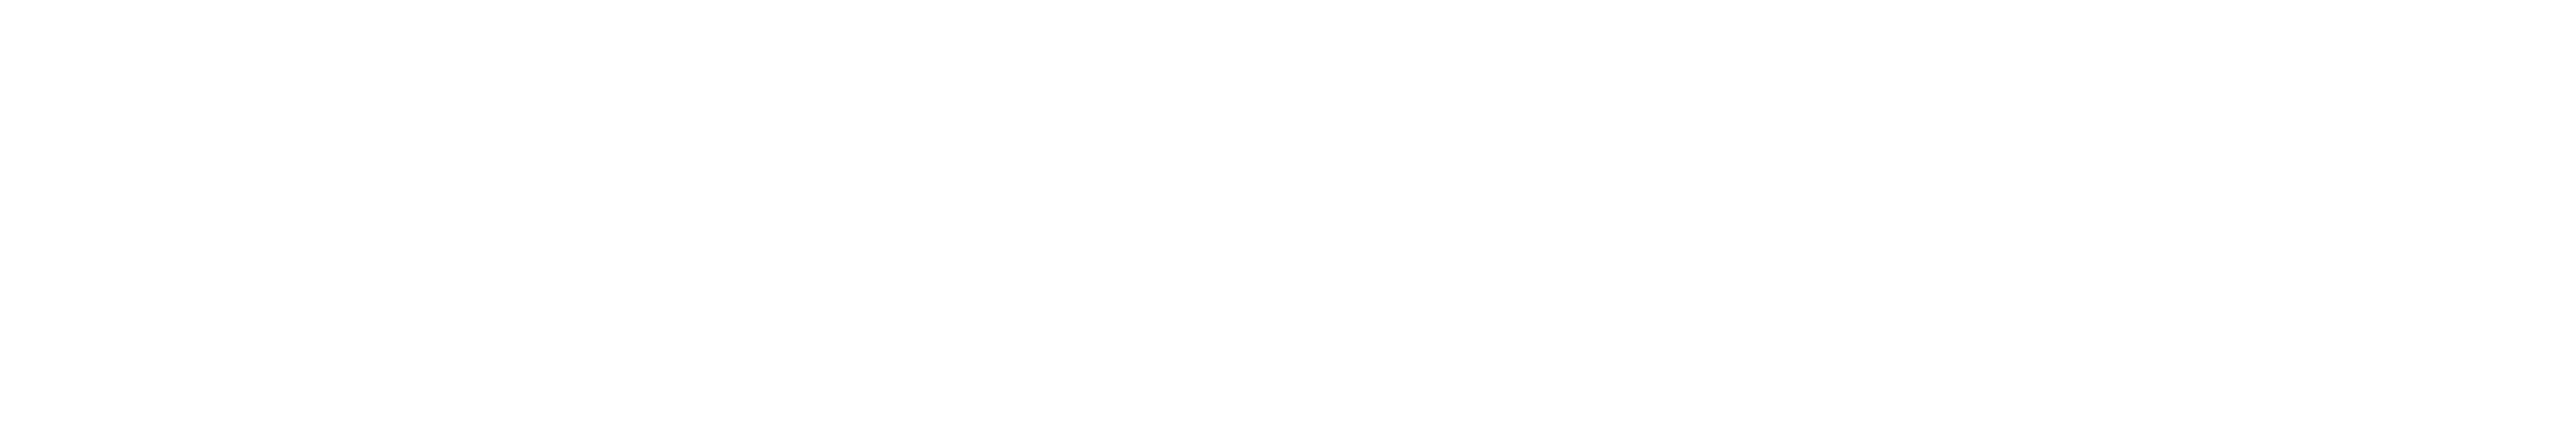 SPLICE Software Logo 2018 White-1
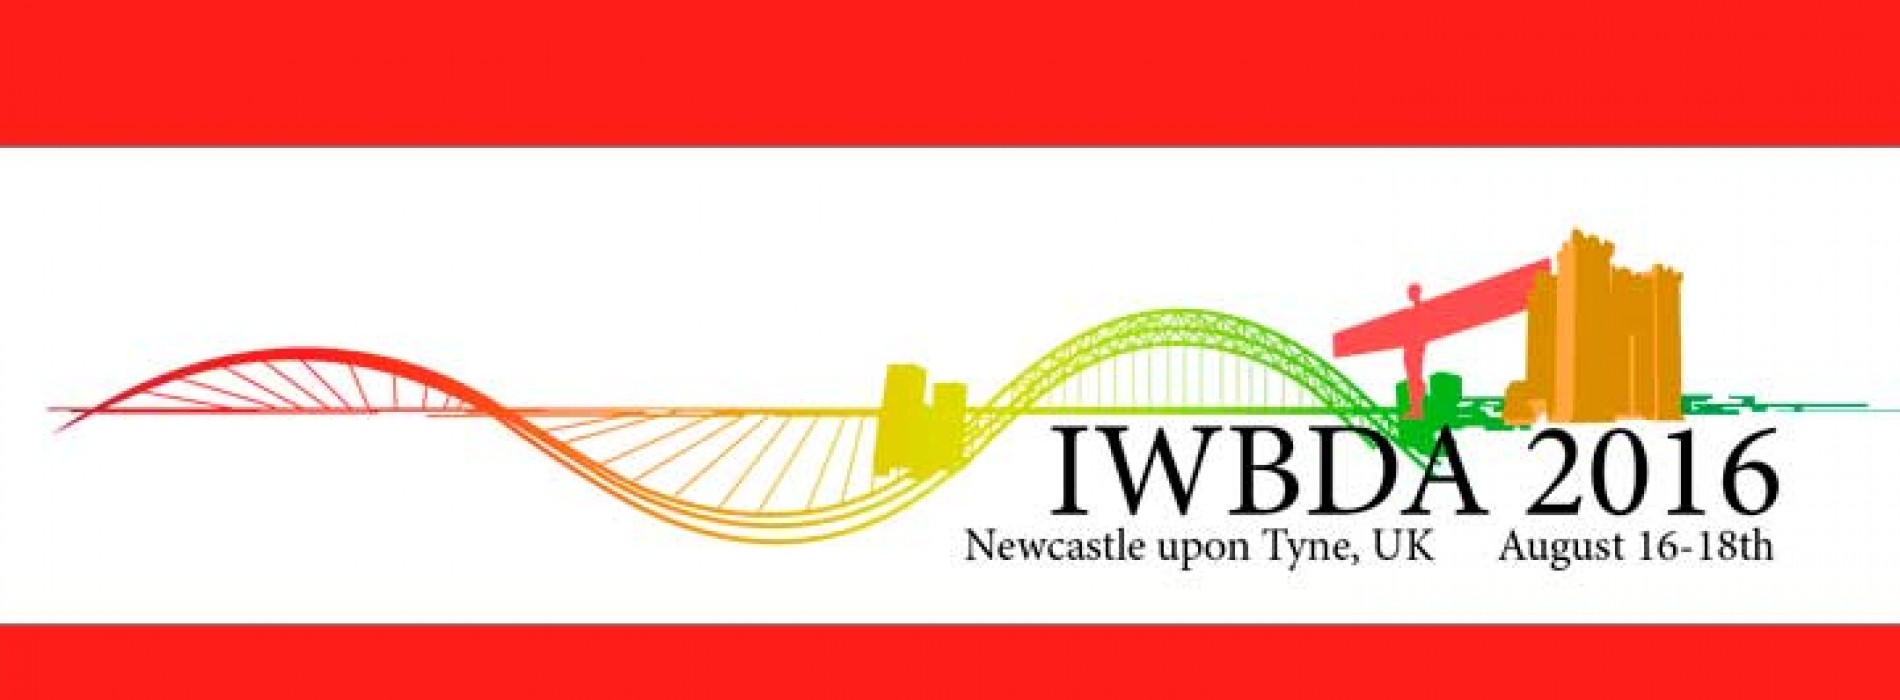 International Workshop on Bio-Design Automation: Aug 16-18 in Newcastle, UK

---

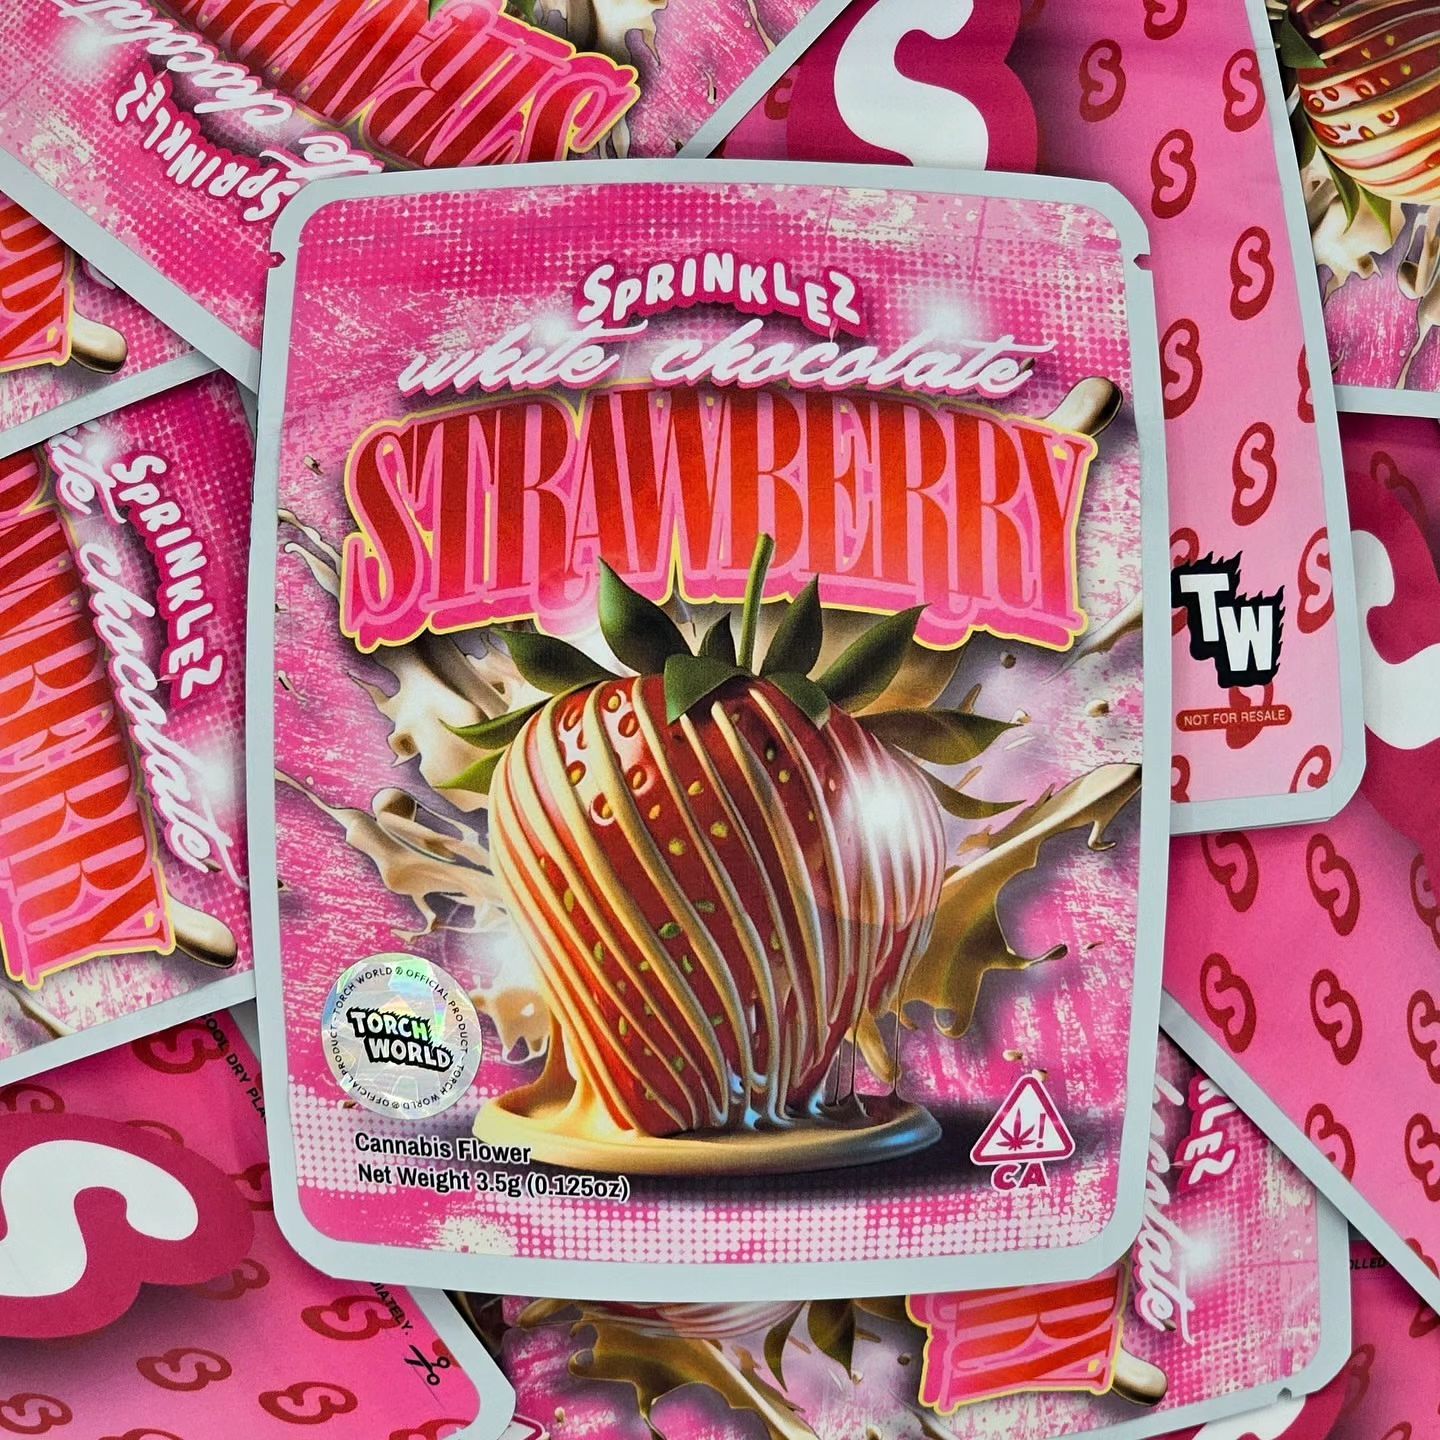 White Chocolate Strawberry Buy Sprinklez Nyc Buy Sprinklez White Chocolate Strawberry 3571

...

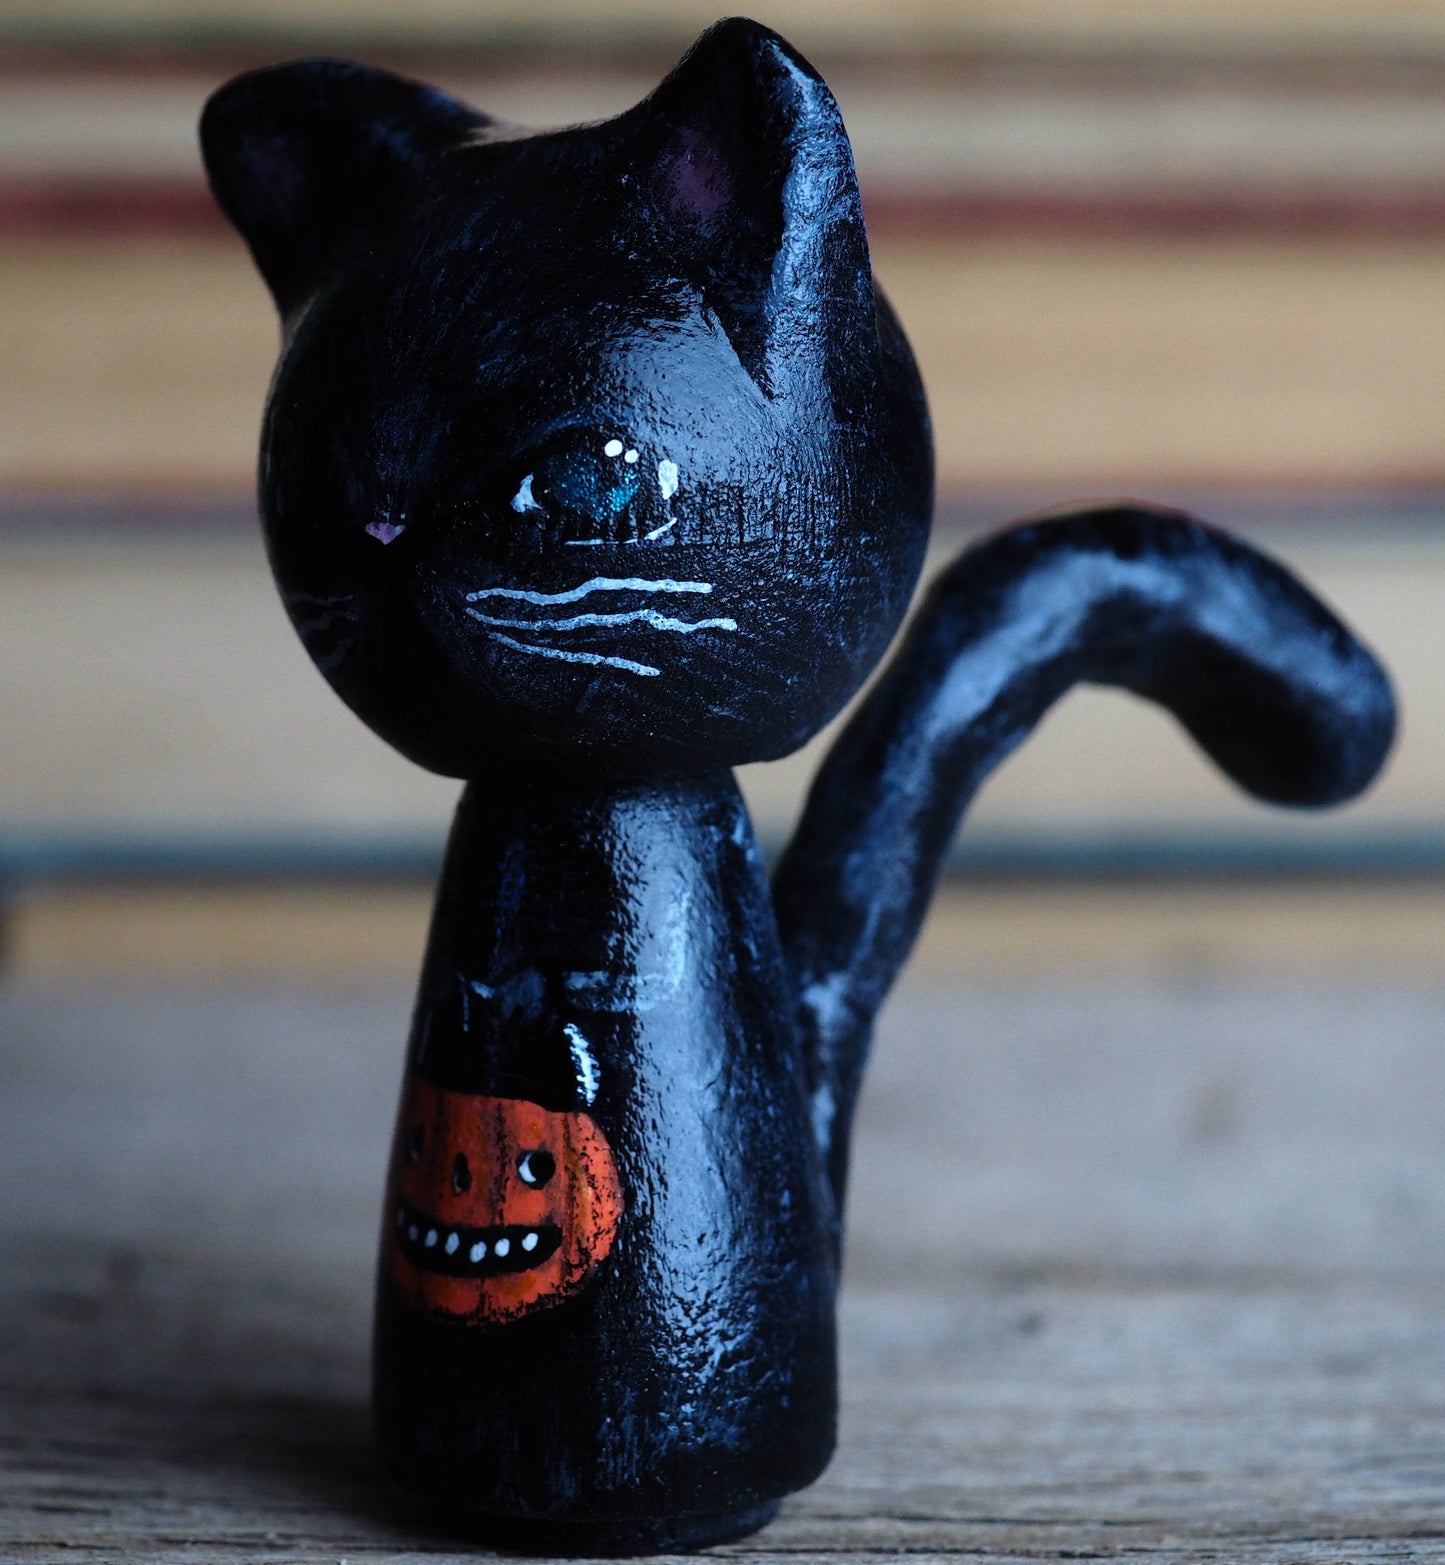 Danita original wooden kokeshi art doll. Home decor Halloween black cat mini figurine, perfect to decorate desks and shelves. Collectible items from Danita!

[WHAT YOU HAVE TO DO] The lines to set down run from the line with "SPLICE Software Logo 2018 White-1" up to and including the line with "International Workshop on" in the entries above. Reproduce them exactly, with no pictures.

[YOUR RESPONSE]
 SPLICE Software Logo 2018 White-1
 International Workshop on Bio-Design Automation: Aug 16-18 in Newcastle, UK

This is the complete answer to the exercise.